1. The coverage afforded under the Jane Doe Agreement for Paint Repairs services obligates ZZZ Warranty Corporation (“ZZZ”) to provide the Agreement Holder with paint repair services for damages, some of which are due to the happening of an external fortuitous event. Therefore, its issuance in New York State as part of the Jane Doe Agreement constitutes the doing of an insurance business for which licensure as an insurer by ZZZ is required.

2. The coverage afforded under the Jane Doe Agreement for Headlight Reconditioning repair services obligates ZZZ to provide the Agreement Holder with removal of the yellow or cloudy condition of a headlight. It extends only to damage to headlights resulting from wear and tear, and therefore may be provided under a service contract by a registered service contract provider.

3. The coverage afforded under the Jane Doe Agreement for Fabric/Leather/Vinyl repair services obligates ZZZ to provide the Agreement Holder with repair services for damage to interior coverings that is due to rips or tears of a limited size. Insofar as such damage may occur due to the occurrence of an external fortuitous event, its issuance in New York State as part of the Jane Doe Agreement constitutes the doing of an insurance business for which licensure as an insurer by ZZZ is required.

4. The coverage afforded under the Jane Doe Agreement for Stain Repair services obligates ZZZ to provide the Agreement Holder with stain removal services for damages to interior coverings not excluded from coverage. Insofar as such damage may occur as the result of the occurrence of an external fortuitous event, its issuance in New York State as part of the Jane Doe Agreement constitutes the doing of an insurance business for which licensure as an insurer by ZZZ is required.

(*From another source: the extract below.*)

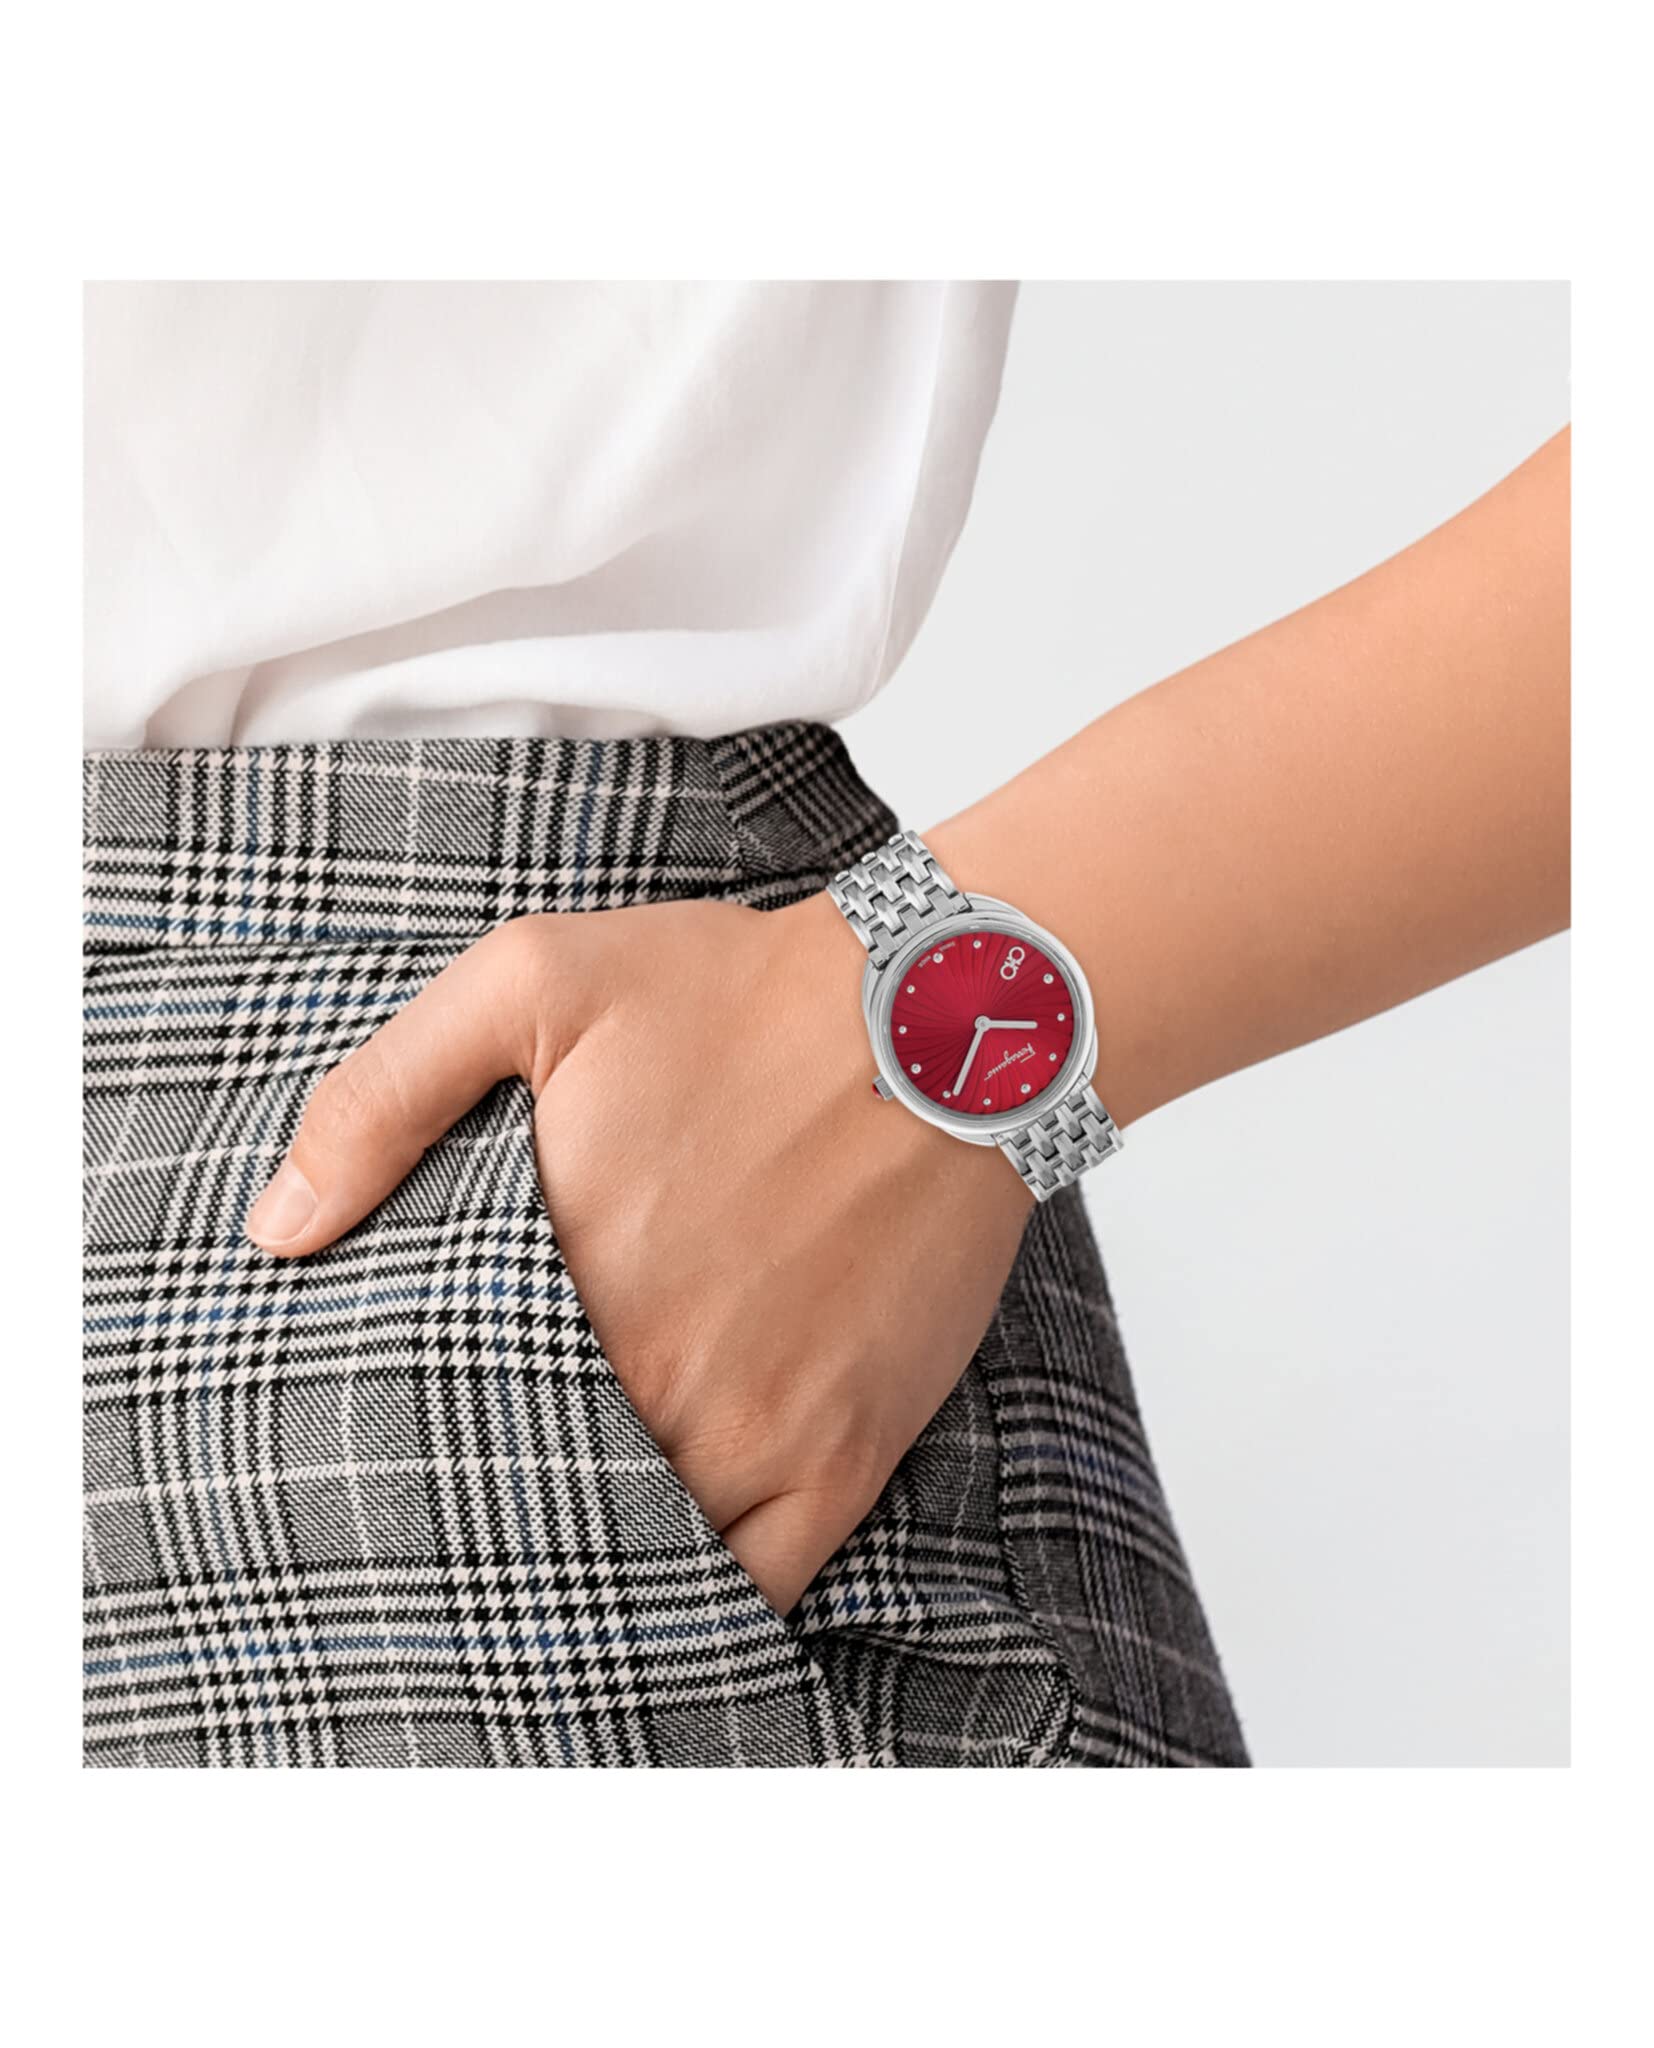 Salvatore Ferragamo Collection Luxury Womens Watch Timepiece

5. The coverage afforded under the Jane Doe Agreement for Dashboard Cracks repair services obligates ZZZ to provide the Agreement Holder with repairs to remedy dashboard cracks of a small, specified, size caused only by damage resulting from wear and tear. Therefore, it is a coverage that may be provided in a service contract issued in New York State by a registered service contract provider.

6. The coverage afforded under the Jane Doe Agreement for Environmental repair services obligates ZZZ to provide the Agreement Holder with repairs to painted metal portions of the automobile covered - i.e., which coverage extends only to a new automobile - for damage caused by environmental forces. Environmentally-caused damages, such as those caused by acid rain, result from external fortuitous events. Therefore, the issuance of the agreement in New York State constitutes the doing of an insurance business for which licensure as an insurer by ZZZ is required.

7. The coverage afforded under the Jane Doe Agreement for Alloy Wheel Chip Repair services obligates ZZZ to provide the Agreement Holder with repairs of the painted alloy of factory-installed wheels where the original painted alloy becomes delaminated over time. Excluded from such coverage are repairs to dented, cracked or bent wheels. Insofar as the coverage is limited to damage resulting from wear and tear, caused by the layers of paint on the wheels separating, and not damage due to causes external to the nature of the wheels themselves, this constitutes a coverage that may be provided under a service contract by a registered service contract provider.

8. Yes. John Doe and its technicians may offer a discount to Agreement Holders on the cost of repairs they perform that are not covered under the Jane Doe Agreement, provided that the discounted fee charged to the Agreement Holder for each repair covers the cost of rendering the service, including a reasonable overhead.

Facts:

The company, John Doe, markets the Jane Doe Protection Program through automobile dealerships that sell the Jane Doe Agreements to customers at the time of vehicle sale. The Department has a copy of the Jane Doe Agreement, and in the following analysis reviews whether each of the various coverages afforded under the Jane Doe Agreement constitutes the doing of an insurance business, or whether it may be offered as coverage under a service contract.

The Jane Doe Agreement provides that ZZZ Warranty Corporation (“ZZZ”), as the administrator/obligor, agrees to provide repairs to the Agreement Holder for specified repairs to the holder’s automobile. The covered repairs are to be done by John Doe technicians. The services provided are divided into categories that are identified in the Jane Doe Agreement as “service groups” and include paint repairs; headlight reconditioning; fabric/leather/vinyl repairs; dashboard cracks repair; stain removal; environmental damage repairs; and alloy wheel chip repair. ZZZ is not licensed as an insurer, nor is it registered in New York State as a service contract provider.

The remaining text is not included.